Ын У двигался с уверенностью, словно заранее зная, где Га Ён ищет уединения. Он остановился за каким-то заброшенным зданием. Незнакомая местность заставила меня насторожиться. Сумерки сгущались, а редкие фонари не освещали улицу. Он вышел, а я за ним.
— Мы же не собираемся туда? — с сомнением спросила я, вновь бросив взгляд на мрачную кирпичную громаду.
— Что? Нет, — усмехнулся он. — Видишь там, неподалеку, река Ханган? Мы туда. — с этими словами он уверенно взял меня за руку и повёл за собой.
Узкая тропинка, едва различимая в полумраке, привела нас к берегу реки. Ханган величаво нес свои воды, отражая в темной глади редкие огни Сеула. Ветер доносил слабый запах водорослей и бетона, смешиваясь с ароматом вишневых деревьев, распустившихся вдоль набережной.
И она была там. Мун Га Ён сидела на краю пирса, свесив ноги над водой. Её плечи вздрагивали в такт беззвучным рыданиям. Ын У отпустил мою руку и жестом показал, чтобы я подошла первая. Он знал, как важна сейчас для Га Ён женская поддержка.
Я осторожно присела рядом с ней, оставив достаточно личного пространства. Тишина давила, но я не спешила её нарушать. Знала, что нужно дать ей время выплеснуть боль.

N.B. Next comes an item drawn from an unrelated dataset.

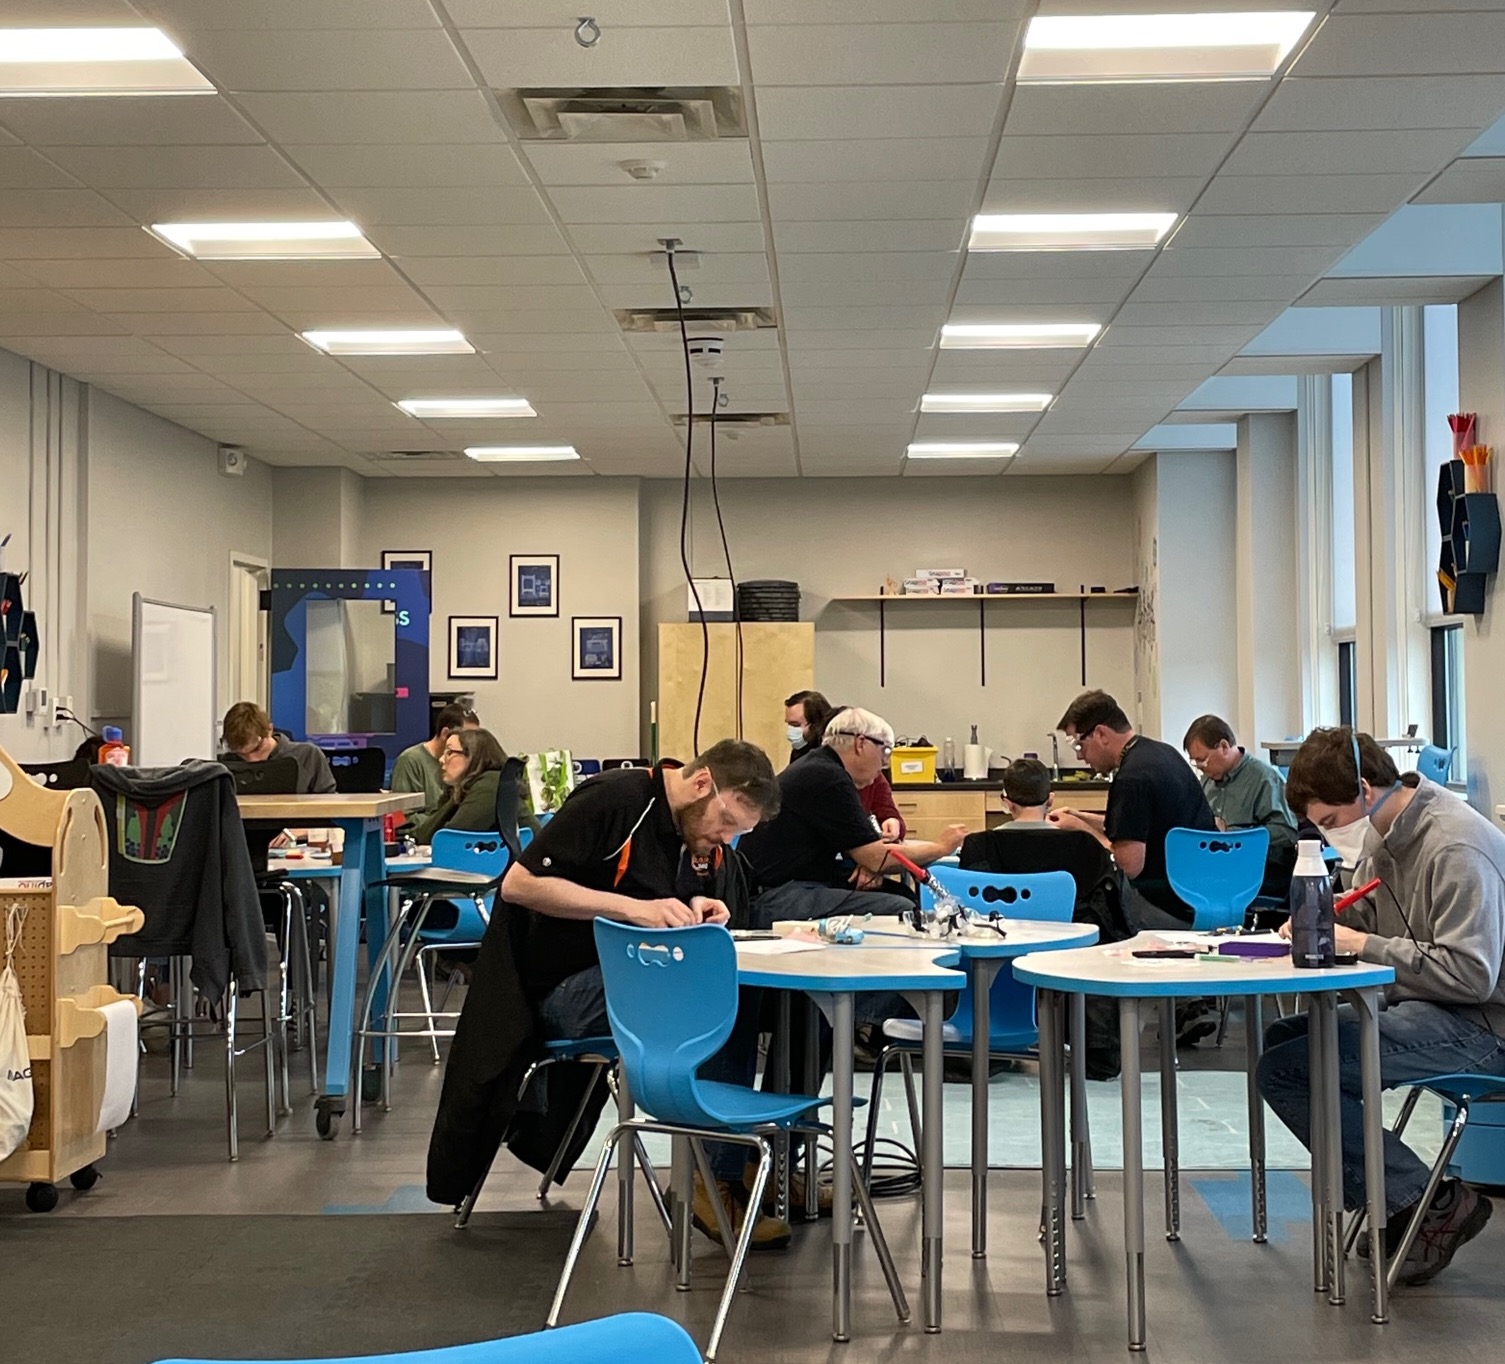 A room full of round white table and blue chairs with around ten people soldering during a soldering workshop.

— Он... зачем он сделал это? — наконец прошептала Га Ён, не поднимая головы. — Он знал, как меня задеть. Он словно прочитал все мои страхи. Что я ему вообще сделала? Урод. Самодовольный придурок! Такие, как он, долго не живут! Была бы моя воля, отправила бы его за решетку! Но даже здесь я не могу быть предателем всей этой стаи, черт возьми! - раздраженно и резко выругалась.
Я обняла её за плечи.
— Это всего лишь одна из миллион других гонок, Га Ён. Это не определяет тебя. Ты все еще лучшая. И мы все это знаем. А До Хван... он просто завидует. Он никогда не сможет сравниться с тобой. — я никогда не умела поддерживать людей, но мне действительно хотелось сделать все, чтобы она перестала чувствовать себя паршиво.
Га Ён всхлипнула и вытерла слезы тыльной стороной ладони, размазав тушь по щекам. Вид ее идеального лица, искаженного болью и обидой, резал мне сердце. Она с первой нашей встречи показалась мне сильной, независимой, самодостаточной. И видеть ее такой сломленной было невыносимо.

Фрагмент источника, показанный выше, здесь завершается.